Recently, a friend used the negative shift of hexadecimal numbers in the program (the compiler is gcc). I was curious for the first time, so I did some research.
Negative bit-shifting of a number is non-standard, but possible.
Specific example:
char tmp = 0x10;
tmp = tmp << -1;
Guess what the result is, some people guess that tmp is shifted by -1 bit to the left, isn't it shifted by 1 bit to the right? The result is 0x01?
Unfortunately, computers and human brains are not the same. result is 0
why? In order to find out why, I did some small tests and made solid results.
Since I know the difference between +0 and -0, I first set tmp << -128 (-128 is -0), as I guessed, the result is 0x10
And -128 in binary is 1000 000b
Continue, set tmp << -127, the result is 0x20, shifted 1 bit to the left
-127 in binary is 1000 0001b
Can't wait, tried tmp << -126, the result is 0x40, shifted left by 2 bits
-126 in binary is 1000 0010b
At this time, everyone should have seen the clue like me, but don't say it, let's see that they move to the right by the same value:
First put tmp >> -128 (-128 is -0), the result is 0x10
And -128 in binary is 1000 000b
Continue, set tmp >> -127, the result is 0x08, shifted 1 bit to the right
-127 in binary is 1000 0001b
Can't wait, tried tmp >> -126, it turned out to be 0x04, shifted right by 2 bits
-126 in binary is 1000 0010b
At this time, you can make a bold guess. If the shift operation is a negative number, the number of bits shifted is determined by the lower seven bits of the binary form of the negative number.
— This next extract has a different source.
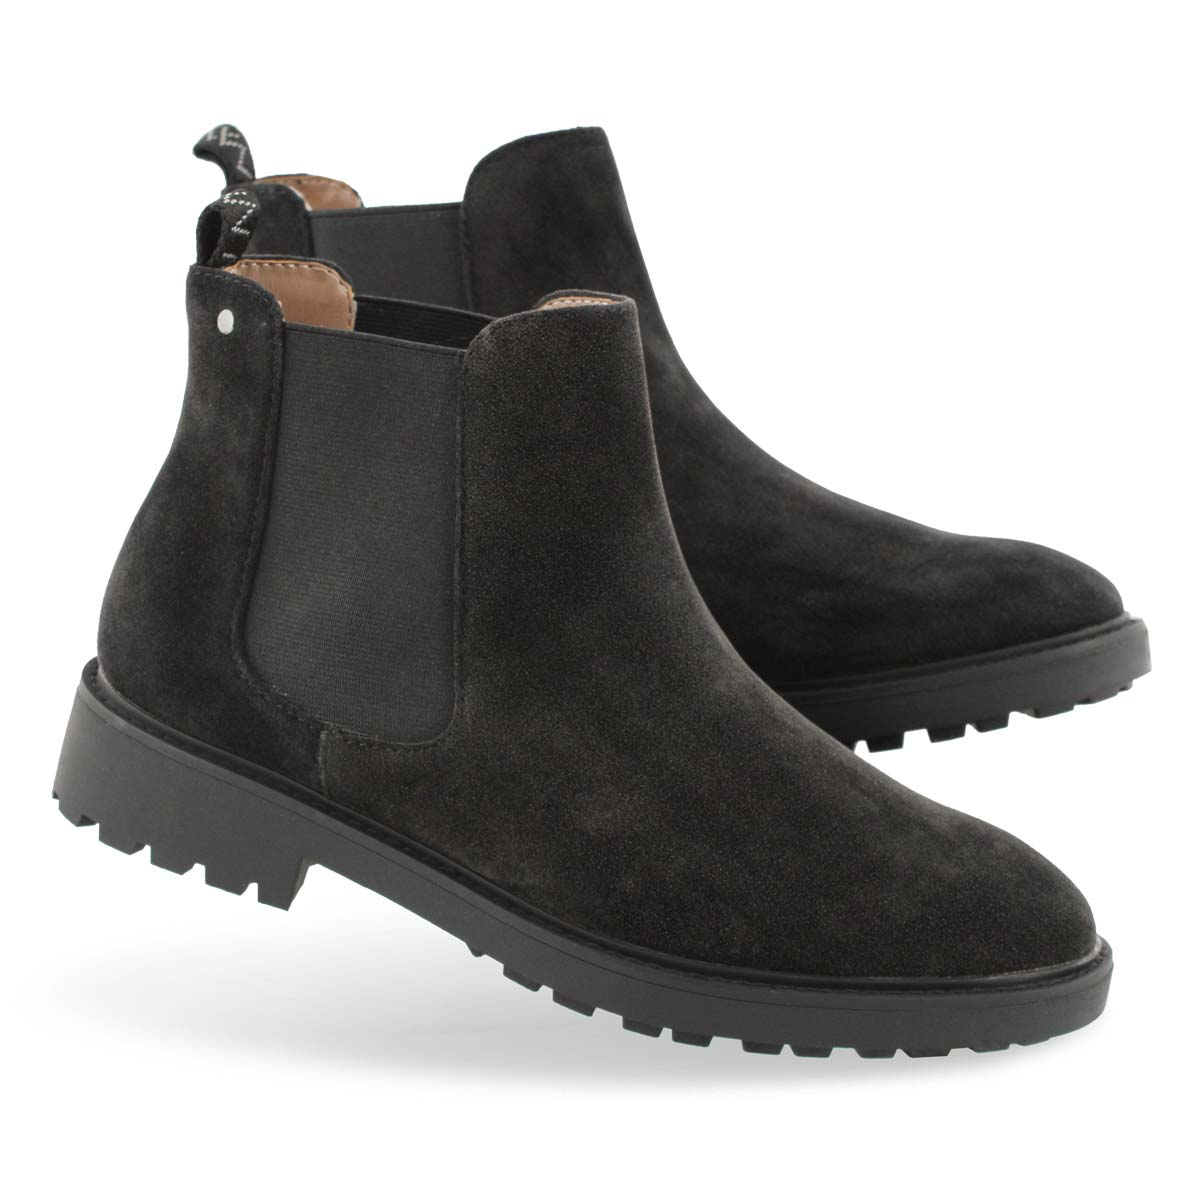 Lds Tokio black vegan chelsea boot

If you still have doubts, continue to test:
tmp << -255 results in 0x20, -255 in binary is 0x1 0000 0001b
tmp << -511 results in 0x20, -511 in binary is 0x10 0000 0001b
tmp << -1023 The result is 0x20, the binary of -1023 is 0x100 0000 0001b
Now we can say for sure:
if the shift operation is a negative number, then the number of bits shifted is determined by the lower seven bits of the binary form of the negative number. (
The current longlong type seems to have a maximum length of only 64 bits. To reach 128 bits, the compiler needs to be modified.)
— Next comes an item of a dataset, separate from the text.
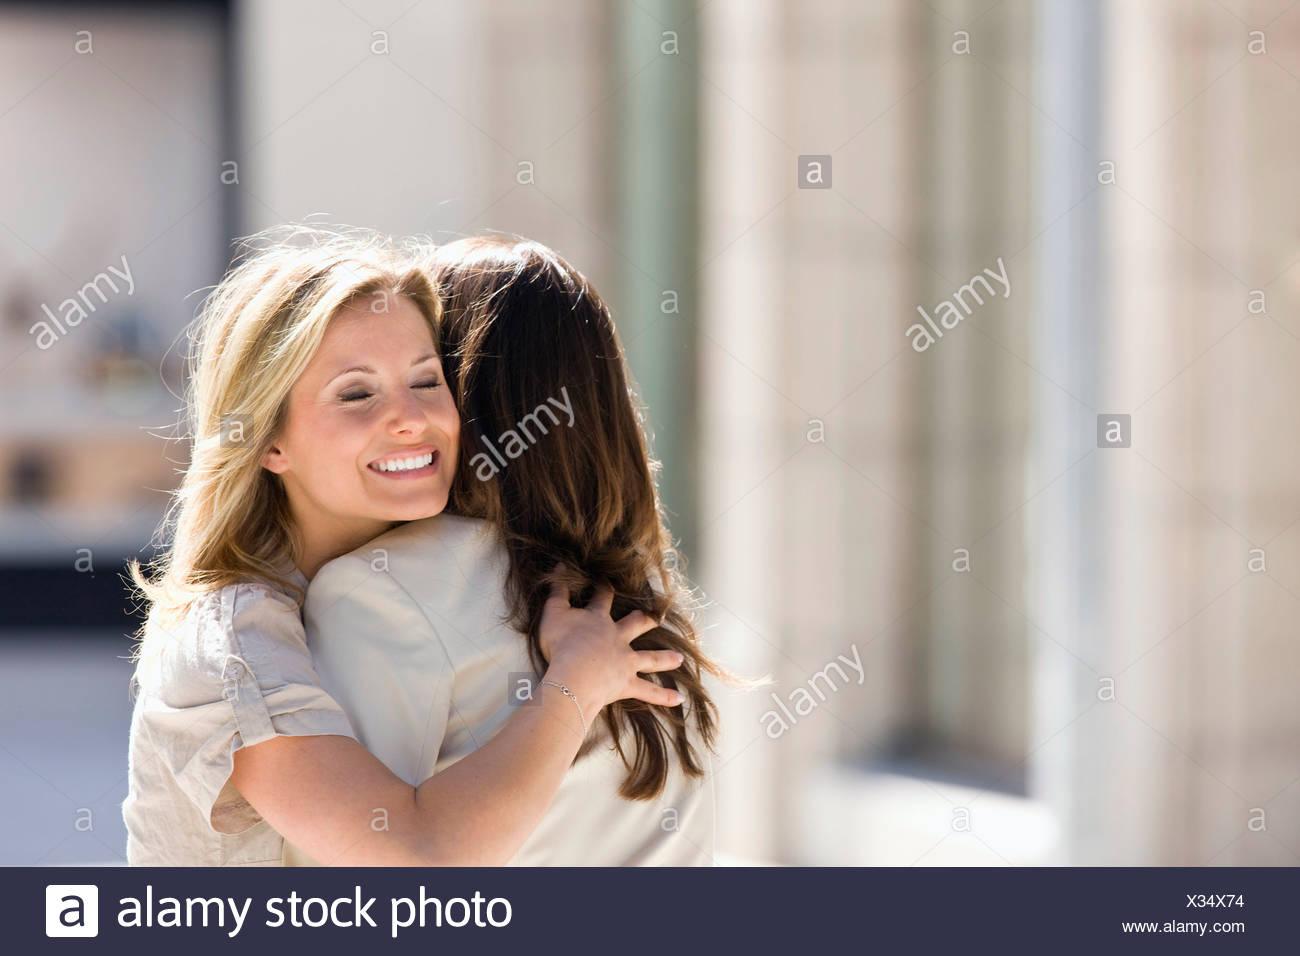 Dos mujeres abrazarse, Stuttgart, Baden-Wurtemberg, Alemania Foto de stock

After writing this article, I accidentally discovered something wrong at work. The above results only represent the shifting rules of the signed char type. Therefore, the above conclusions need to be further expanded.
Here is the expanded conclusion:
When a number is a signed number, set the binary number of the signed number to k (for example, int type in a 32-bit system, its binary number is 32), then the number is shifted to the left or right by n bits When , the number is shifted only by the positive digit indicated by the lower k-1 bits in the binary form of the n number.
When a number is an unsigned number,
set the binary number of the signed number to k (for example, int type in a 32-bit system, its binary number is 32), then the number is shifted to the left or right by n bits When , the number is shifted only by the positive number indicated by the lower k bits in the binary form of the n number.
Due to my limited level, please correct me if I am wrong. I am very grateful.